With default options, a pre-pulled home-assistant image took an additional 314 seconds to start up. During this time, all podman commands I ran on my machine hung. The load of an 4 core, 8 thread system rose up to above 22. The system was mostly responsive for the duration of the copy, but Podman was not.

I tested disabling the ext4 journal as well as other options. The only option I found that made any meaningful difference was adding nobarrier to the mount options. In my case, this reduced initial container start time from 314 seconds to 66 seconds. Note that this option is probably not safe in most circumstances, though if you have a dedicated filesystem for container image storage, it's probably okay.

Then I moved on to testing btrfs. btrfs performed the best. Starting the Home Assistant container with a pre-pulled image on btrfs took 11 seconds (and 13 seconds on a subsequent test.) btrfs also had the best deduplication performance. df showed no difference in disk usage from pre-pulling the image to after the container was started.

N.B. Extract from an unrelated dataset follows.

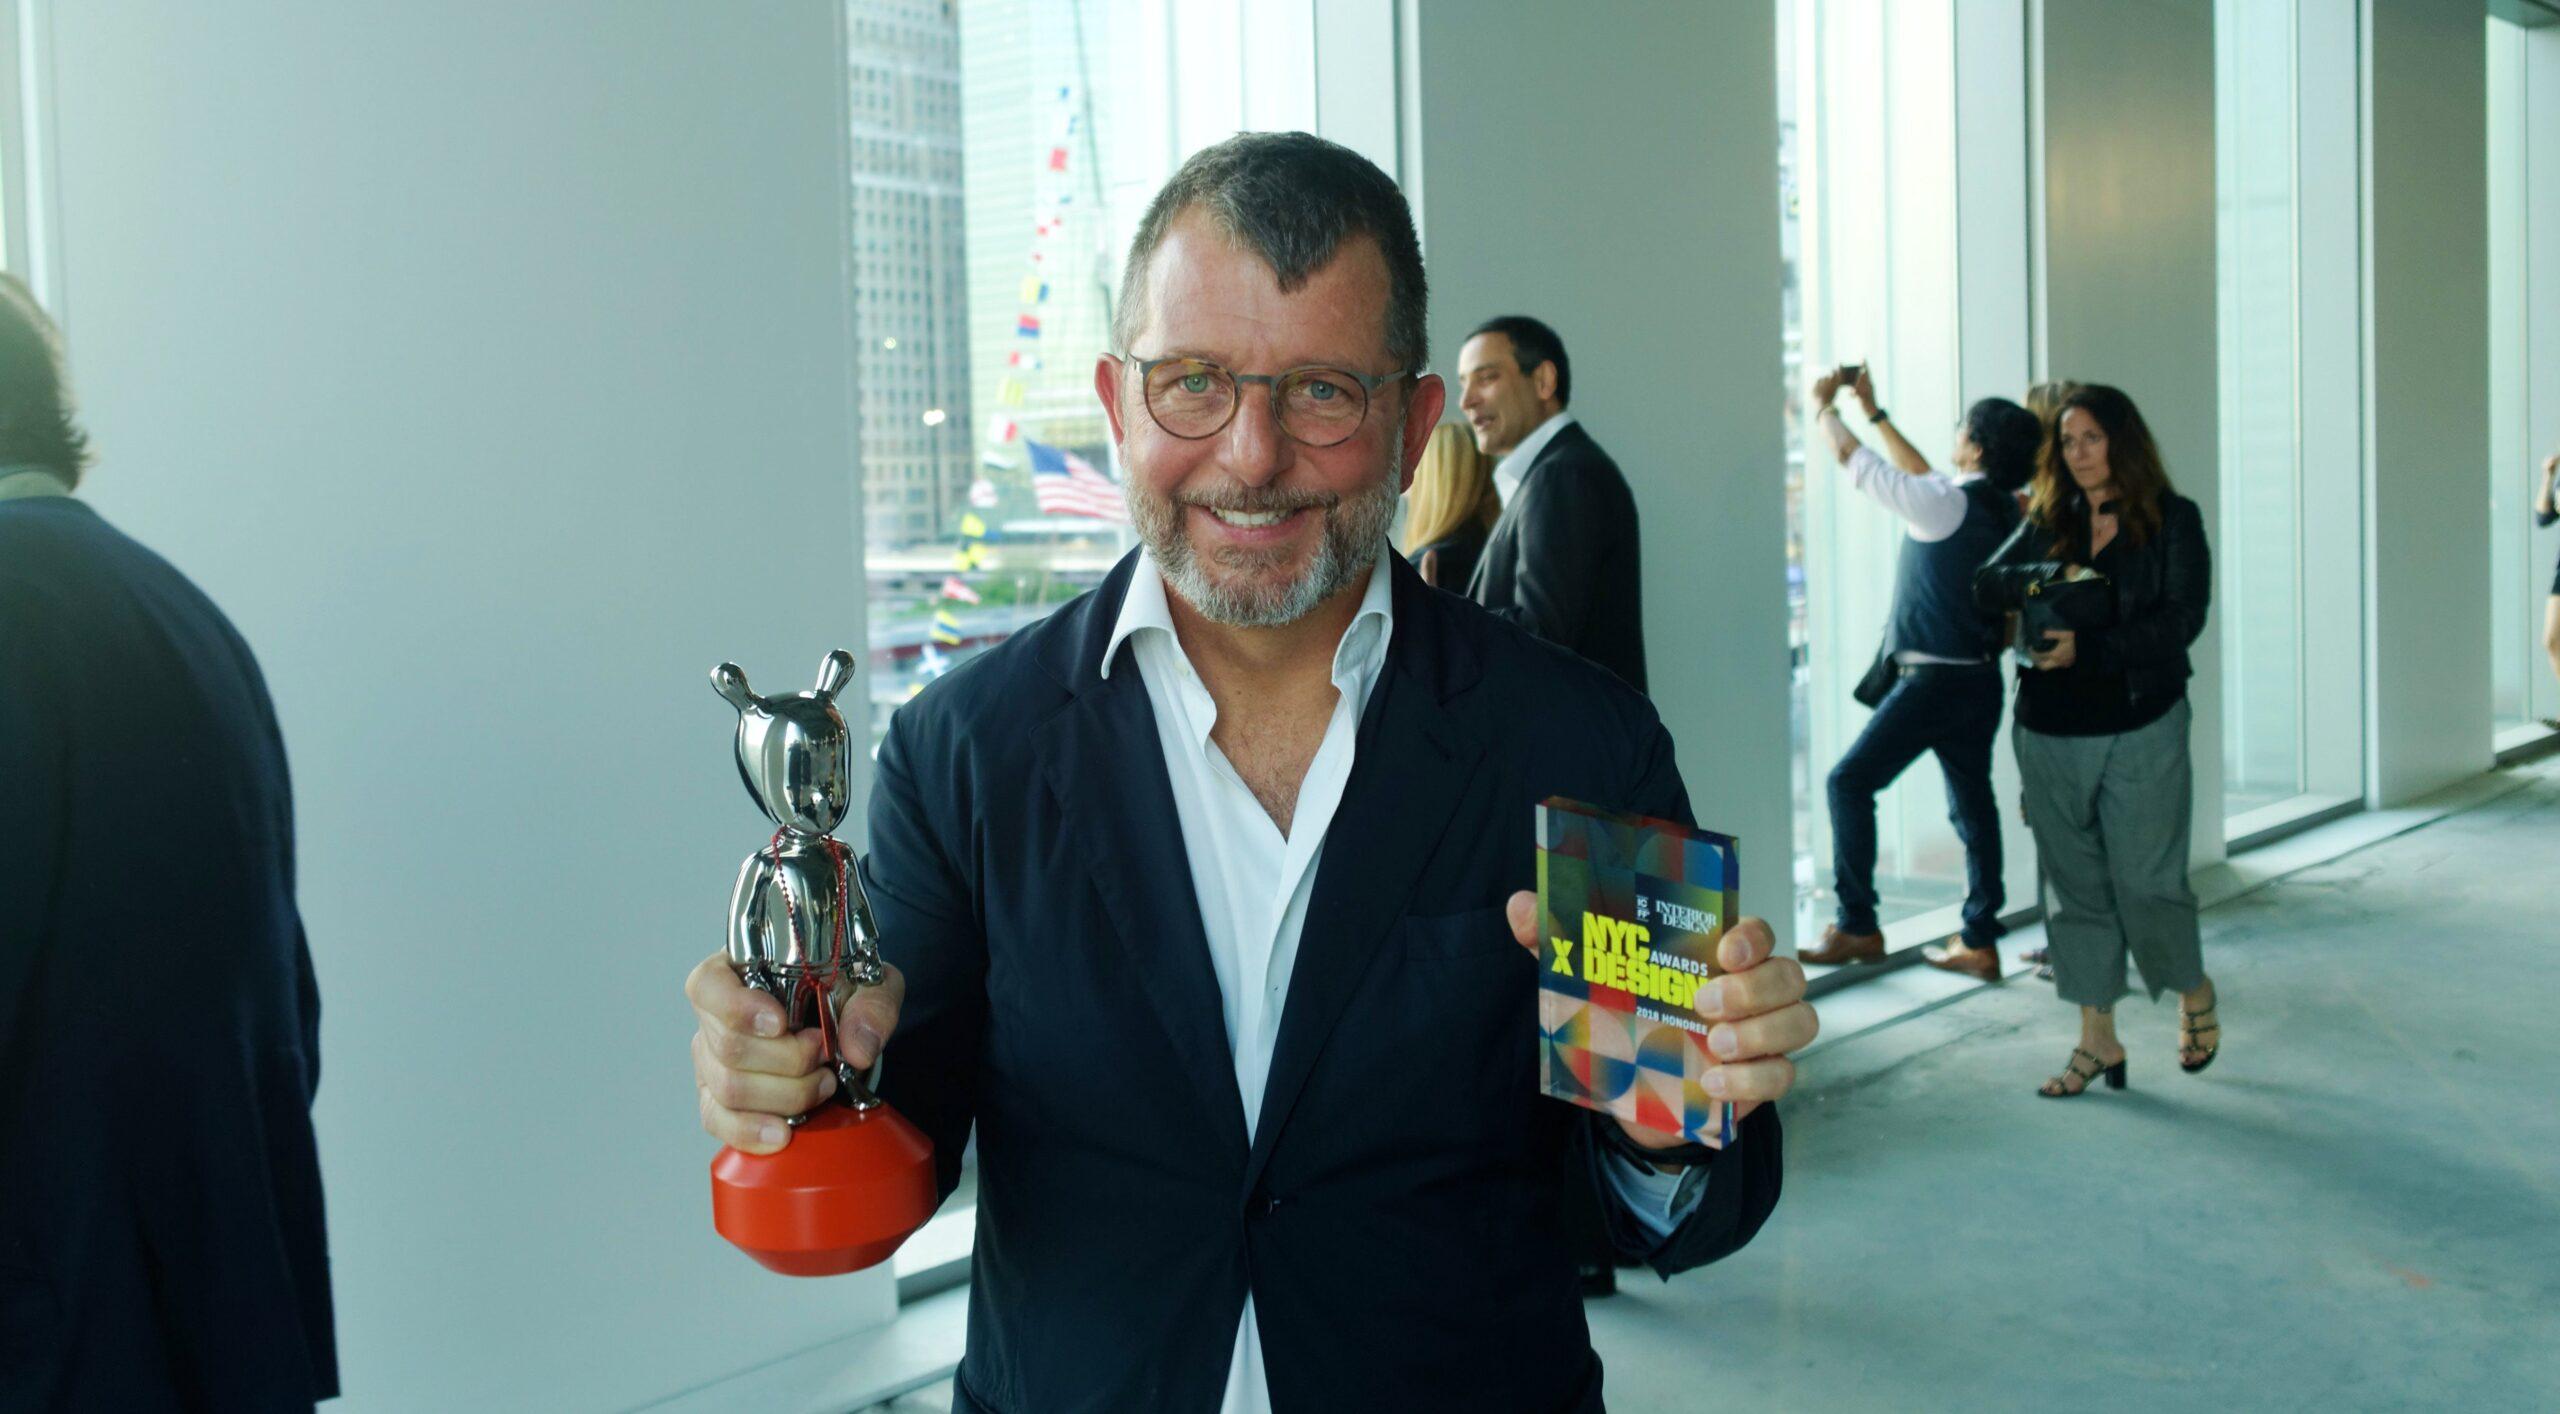 Image of Daniel Germani 1 1 4 scaled in DeKauri by Daniel Germani Wins 2018 NYCxDESIGN Award - Cosentino

Finally, I tested XFS. XFS performance was in between ext4 and btrfs. I did not see any deadlock like reported by other users. But I'm not entirely sure XFS was using reflinks with Podman. My first test with XFS started a pre-pulled Home Assistant container in 18 seconds, but a subsequent test took nearly twice as long. Also, the df output did not seem to indicate any deduplication. With a test file, creating a 1 GB file, cp --reflink=always to another name, and a chown of the new file did not show any increase in disk usage -- so I'm not sure what happened here. Perhaps an issue with overlayfs or Podman in my configuration.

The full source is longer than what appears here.